In Cross on Evidence[35] the learned author states a part of the rule as follows:
Thirdly, the rule only applies where a party is “required to explain or contradict” something. What a party is required to explain or contradict depends on the issues in the case as thrown up in the pleadings and by the course of evidence in the case. No inference can be drawn unless evidence is given of facts “requiring an answer”. If there is no issue between the parties on a matter, there is nothing to answer; and if there is an issue between them, but the party bearing the burden of proof has tendered no evidence of it, the opponent is not required to answer. (Emphasis added)
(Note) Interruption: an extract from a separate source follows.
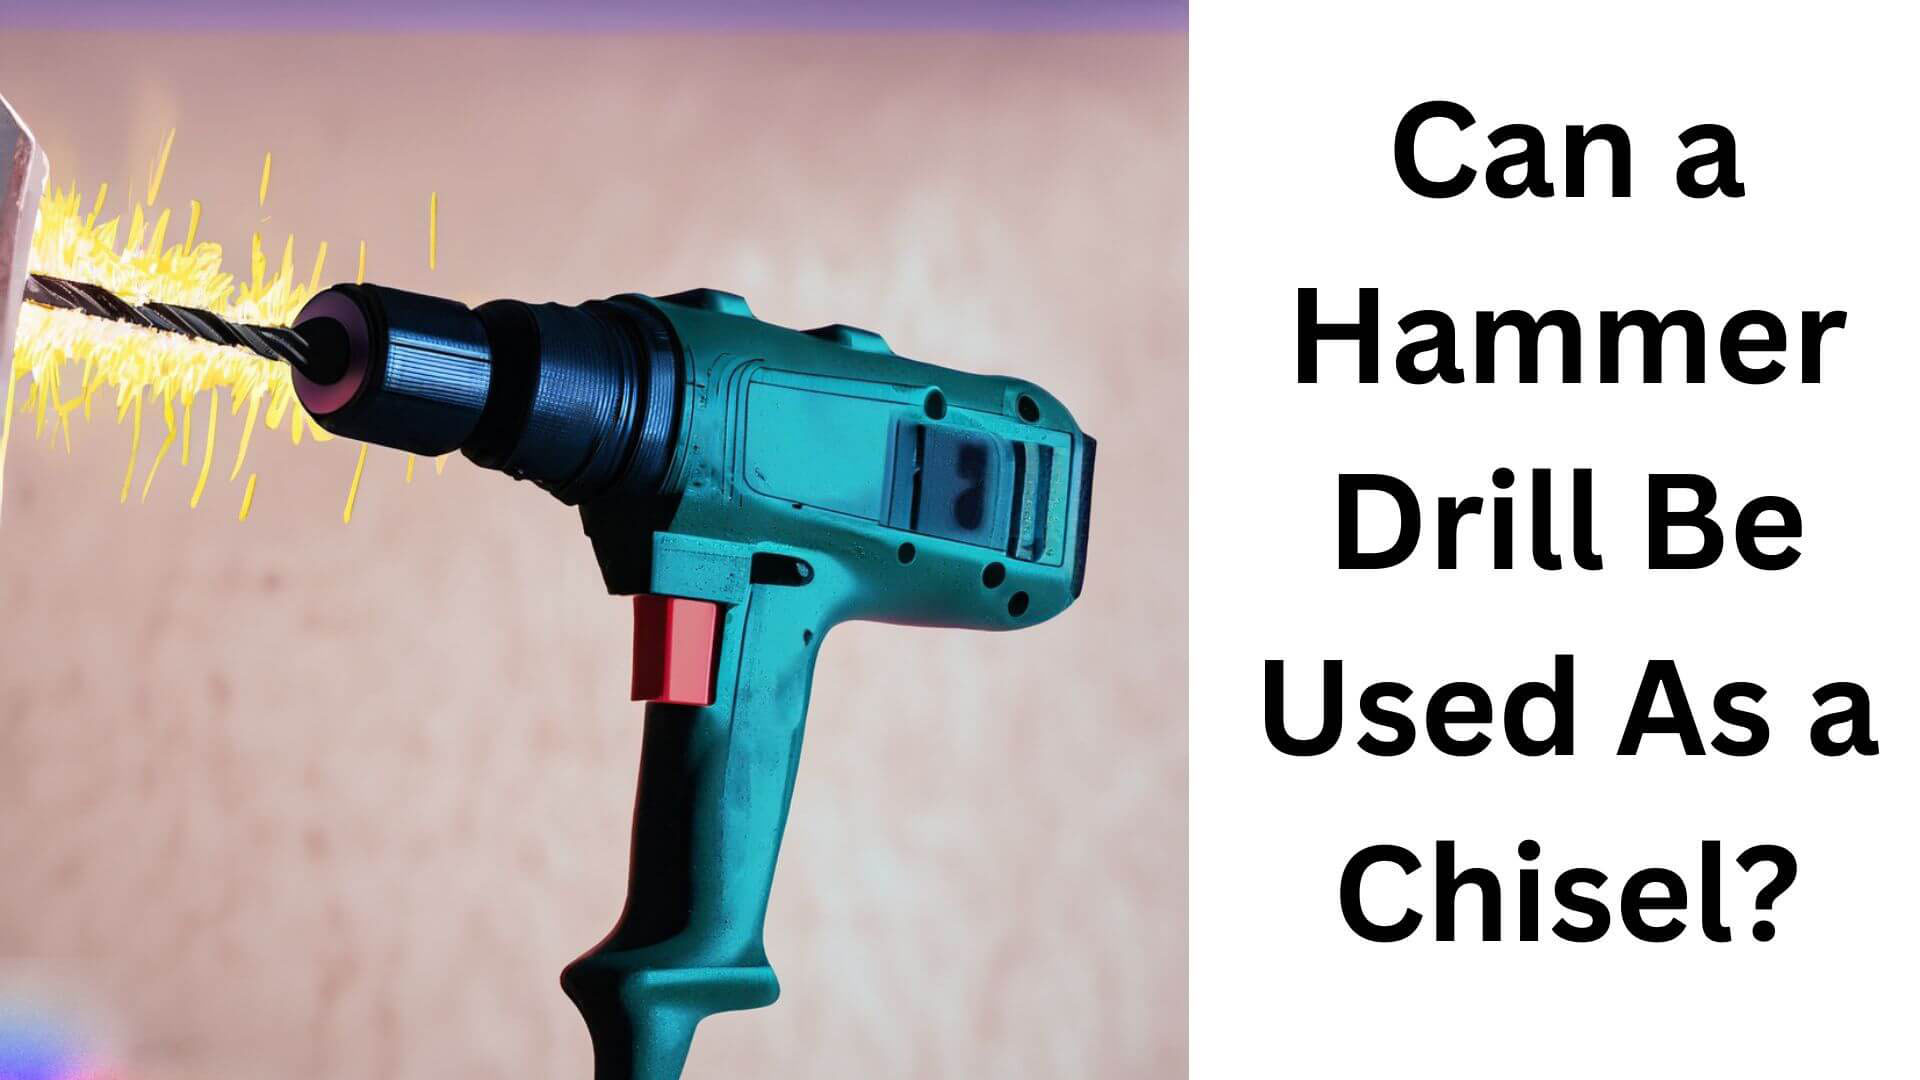 Can a Hammer Drill Be Used As a Chisel?

[35]J D Heydon, ‘Cross on Evidence’ (7th ed, 2004) LexisNexis Butterworths, 41-2 [1215] (internal citations omitted).
The documents relied upon by Daiwa were all documents which the witnesses were otherwise referred to. They were agreed upon (and included in the court book) both before the trial, and then at its conclusion after a series of objections. If Barokes and the Minority Shareholders sought to exclude particular documents from evidence, they had ample opportunity to do so by either challenging admissibility or inclusion.
Accordingly, and as is evident, these reasons rely heavily upon the documentary record making up the negotiations, discussions and respective positions of the parties. That documentary record is, on the account of both parties, extensive, accurate and contemporaneous. A fair reading of that documentary record contradicts most (if not, every) aspect of Barokes and the Minority Shareholders’ case.
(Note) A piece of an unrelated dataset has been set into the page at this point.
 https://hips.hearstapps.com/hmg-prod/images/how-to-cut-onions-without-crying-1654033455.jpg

In short, all of the relevant critical findings are based on the evidence given (including cross-examination) and documents referred to by the witnesses or other documents agreed and forming part of the court book. This was, as the reasons demonstrate, sufficient to dispose of the case made by Barokes and the Minority Shareholders. Nothing, or at least nothing relevant, required an answer. The critical point is that Barokes and the Minority Shareholders failed to make out their case on the evidence presented. In fact, as demonstrated, the agreed documentary evidence undermined to a significant extent the various claims that were made. The documents were properly in evidence, spoke for themselves and put to the relevant witnesses. There was no need to shed any further light on the documents and events. Nothing of any relevance called for an answer or explanation and no further evidence was required.
Even if I draw the necessary inference to the effect that no evidence or document would have advanced or assisted Daiwa’s case and that the case should be decided solely on the evidence of Barokes and the Minority Shareholders, (which I am not obliged to do),[36] the result would be the same. In fact that is exactly what was done. The critical findings were made entirely on the weaknesses in the case put forward. It was Barokes’ and the Minority Shareholders’ own documents and evidence that led to the result. To repeat, there was nothing to answer.
[36]ASIC v Geary [2018] VSCA 103 [252].
In relation to the Browne v Dunn point, I am satisfied that all relevant matters were fairly put to the witnesses. They had every opportunity to explain all relevant matters and, in particular, all relevant documents which constituted the overwhelming case against Barokes and the Minority Shareholders. Further, nothing was put to the witnesses in cross-examination, in a way that required Daiwa to call any witness in support of, or to make good such puttage.
K. Disposition
Barokes will be wound up pursuant to s 461(1)(k) of the Corporations Act.
I will hear from the parties as to the appropriate form of orders and costs.